Usage Guide¶
This guide covers all the ways to use LLMRateLimiter for different LLM providers and configurations.
Rate Limiting Modes¶
LLMRateLimiter supports three modes based on how your LLM provider counts tokens:
| Mode | Use Case | Configuration |
|---|---|---|
| Combined | OpenAI, Anthropic | tpm=100000 |
| Split | GCP Vertex AI | input_tpm=4000000, output_tpm=128000 |
| Mixed | Custom setups | Both combined and split limits |
Combined TPM Mode¶
Use this mode for providers like OpenAI and Anthropic that have a single tokens-per-minute limit.
import asyncio
from llmratelimiter import RateLimiter
async def main():
limiter = RateLimiter(
"redis://localhost:6379", "gpt-4",
tpm=100_000, # 100K tokens per minute
rpm=100, # 100 requests per minute
)
# Recommended: specify input and output tokens separately
result = await limiter.acquire(input_tokens=3000, output_tokens=2000)

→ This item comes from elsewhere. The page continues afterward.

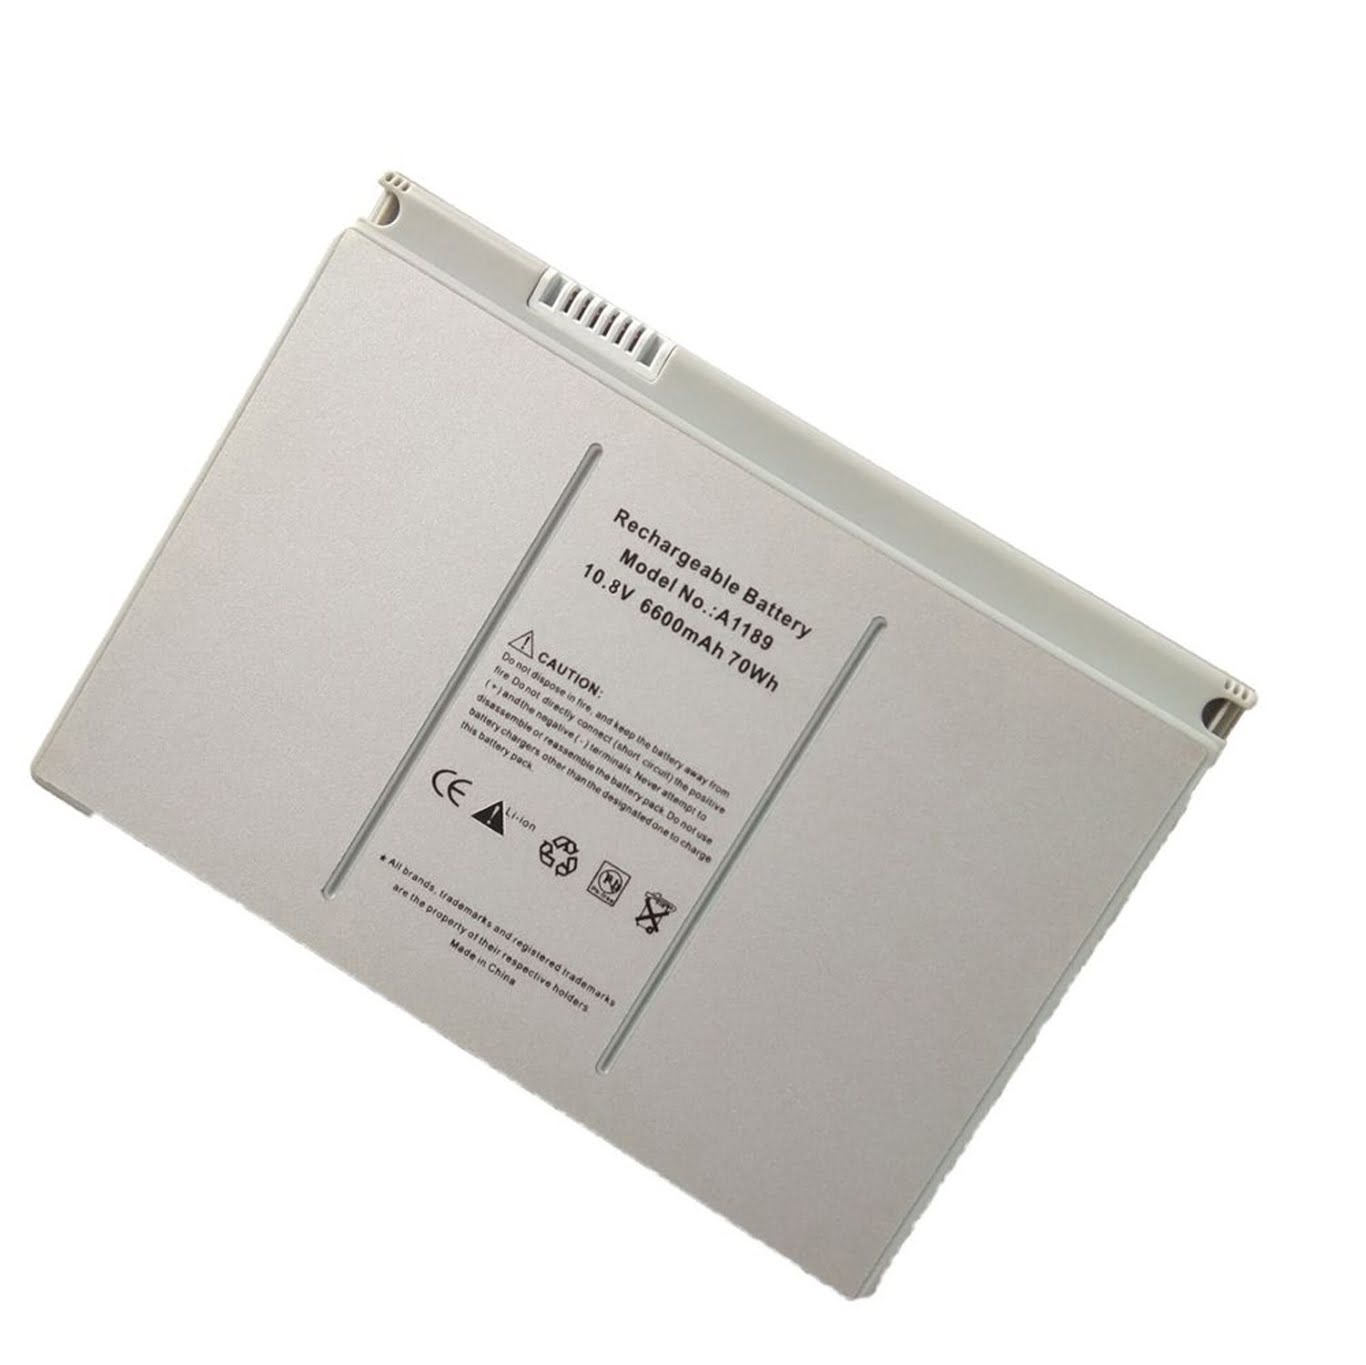 Apple 661-4618, A1189 Laptop Battery For Macbook Pro 17

print(f"Wait time: {result.wait_time:.2f}s, Queue position: {result.queue_position}")
# Now safe to make API call
# response = await openai.chat.completions.create(...)
asyncio.run(main())
Recommended: Use input_tokens and output_tokens
Always prefer acquire(input_tokens=X, output_tokens=Y) over acquire(tokens=N).
This enables accurate burndown rate calculations for providers like AWS Bedrock,
and provides better tracking of token usage.
AcquireResult¶
The acquire() method returns an AcquireResult with:
slot_time: When the request was scheduledwait_time: How long the caller waited (0 if no wait)queue_position: Position in queue (0 = immediate)record_id: Unique ID for this consumption record
Split TPM Mode¶
Use this mode for providers like GCP Vertex AI that have separate limits for input and output tokens.
from llmratelimiter import RateLimiter
# GCP Vertex AI Gemini 1.5 Pro limits
limiter = RateLimiter(
"redis://localhost:6379", "gemini-1.5-pro",
input_tpm=4_000_000, # 4M input tokens per minute
output_tpm=128_000, # 128K output tokens per minute
rpm=360, # 360 requests per minute
)
# Estimate output tokens upfront
result = await limiter.acquire(input_tokens=5000, output_tokens=2048)
# Make API call
response = await vertex_ai.generate(...)
# Adjust with actual output tokens
await limiter.adjust(result.record_id, actual_output=response.output_tokens)
Why Adjust?¶
When using split mode, you must estimate output tokens before the call. After the call completes, use adjust() to correct the estimate:
- If actual < estimated: Frees up capacity for other requests
- If actual > estimated: Uses additional capacity retroactively
Mixed Mode¶
You can combine both TPM limits for complex scenarios:
from llmratelimiter import RateLimiter
limiter = RateLimiter(
"redis://localhost:6379", "custom-model",
tpm=500_000, # Combined limit
input_tpm=4_000_000, # Input-specific limit
output_tpm=128_000, # Output-specific limit
rpm=360,
)
# All three limits are checked independently
result = await limiter.acquire(input_tokens=5000, output_tokens=2048)
Burndown Rate (AWS Bedrock)¶
AWS Bedrock uses a "token burndown rate" where output tokens count more heavily toward the TPM limit. For example, Claude models on AWS Bedrock use a 5x multiplier for output tokens.
from llmratelimiter import RateLimiter
# AWS Bedrock Claude with 5x burndown rate
limiter = RateLimiter(
"redis://localhost:6379", "claude-sonnet",
tpm=100_000, # TPM limit
rpm=100,
burndown_rate=5.0, # Output tokens count 5x toward TPM
)
# Use input_tokens and output_tokens for accurate calculation
await limiter.acquire(input_tokens=3000, output_tokens=1000)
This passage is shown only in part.